The Wedge house is a custom-built single family home located in the northern suburbs of Athens, in the
mountainous and full of pine trees area of Penteli, named Drafi. The site is quite distinctive and has many
challenging features. The main complexity is the steep terrain with an almost 20-meter-height-difference
from one side of the site to the other. The virtually vertical cliffs on both edges made access very difficult,
so when a mild inclined surface appeared in the middle of the site it was quite inevitable that the house
would be situated there.
Our design concentrated in creating a house that utterly blends with its natural environment sustaining most
of the existing pine trees. This supposition unavoidably led to a split-level house, accommodating the
steepness and the fluctuations of the topology. Two distinct blocks, facing north and west, sit on different
levels, and come together in the middle with a wedge-shaped volume that forms the entrance and the
vertical circulation leading to the main spaces of the house. The entrance emerges in a tight exterior
passage that opens up to the whole interior enclosure, immediately as someone enters, surprising the
visitor to the house’s unpredictable nine-meter-height interior.
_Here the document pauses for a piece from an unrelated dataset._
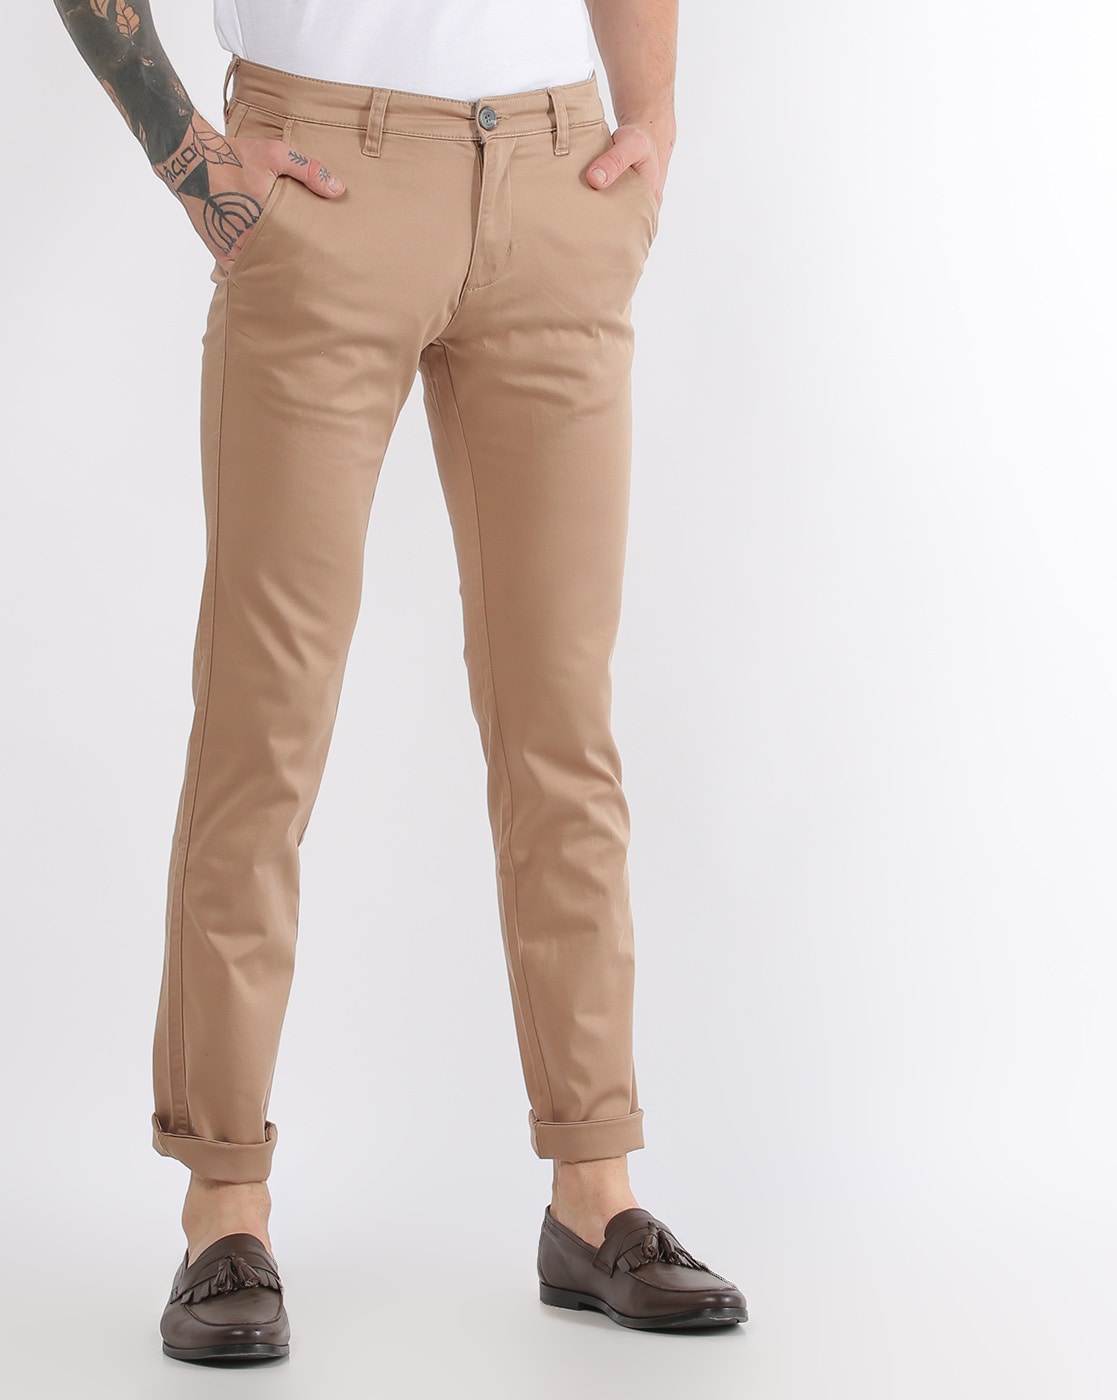 Buy Khaki Trousers  Pants for Men by Giordano Online  Ajiocom

Both block facades completely open up through large glazing surfaces to the view of the pines trees and
the hills beyond, concealing the boundary between the interior of the house and its surrounding
environment.
The composite structure allows all finishes to appear in their natural state. The basic four walls are covered
in stone, to seem as they are coming through the earth, connected to the exposed wooden roof only through
a series of triangular aluminum windows. A butterfly roof, which reverses the conventional icon of the
pitched roof house, lets natural light to enter through those high windows on the back side of the building.
The wedge permeates the roof as well, creating a skylight right above the metal stairway that leads down
to the living room, kitchen and dining room, all based on the ground floor of the block facing north. The
three bedrooms only accessed through the wedge are situated on the block facing west.
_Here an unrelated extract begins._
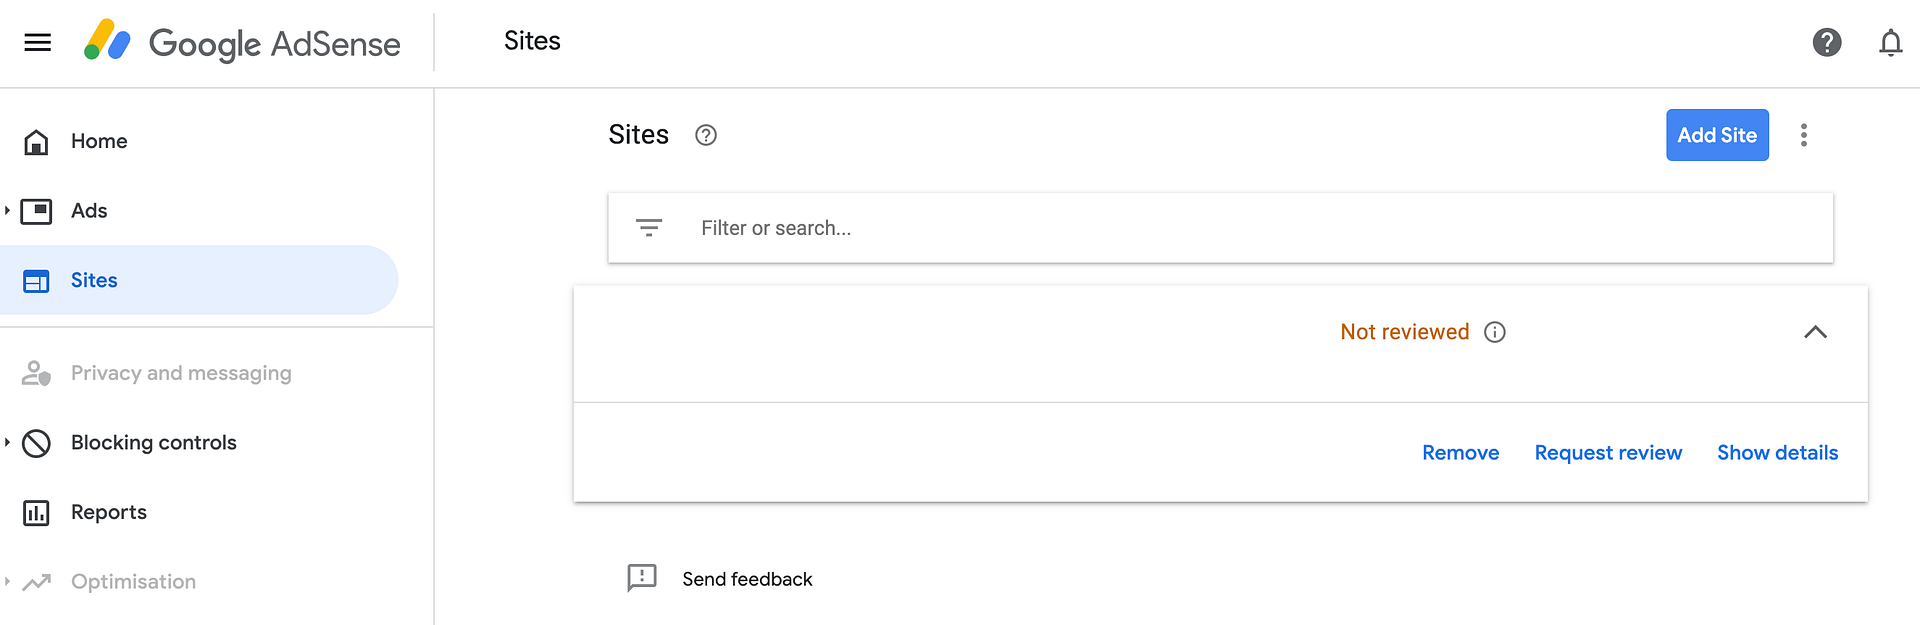 Google adsense login

Again, due to the site’s steepness, the car garage stands next to the main entrance, right above the living
spaces.
At the lower edge of the site, beyond the road, there is a small canyon and a narrow stream coming through.
Due to the height difference the stream is not visible, but the water sound is noticeable. A longitudinal
swimming pool parallel to the direction of the stream, but at a higher level, reenacted that natural condition.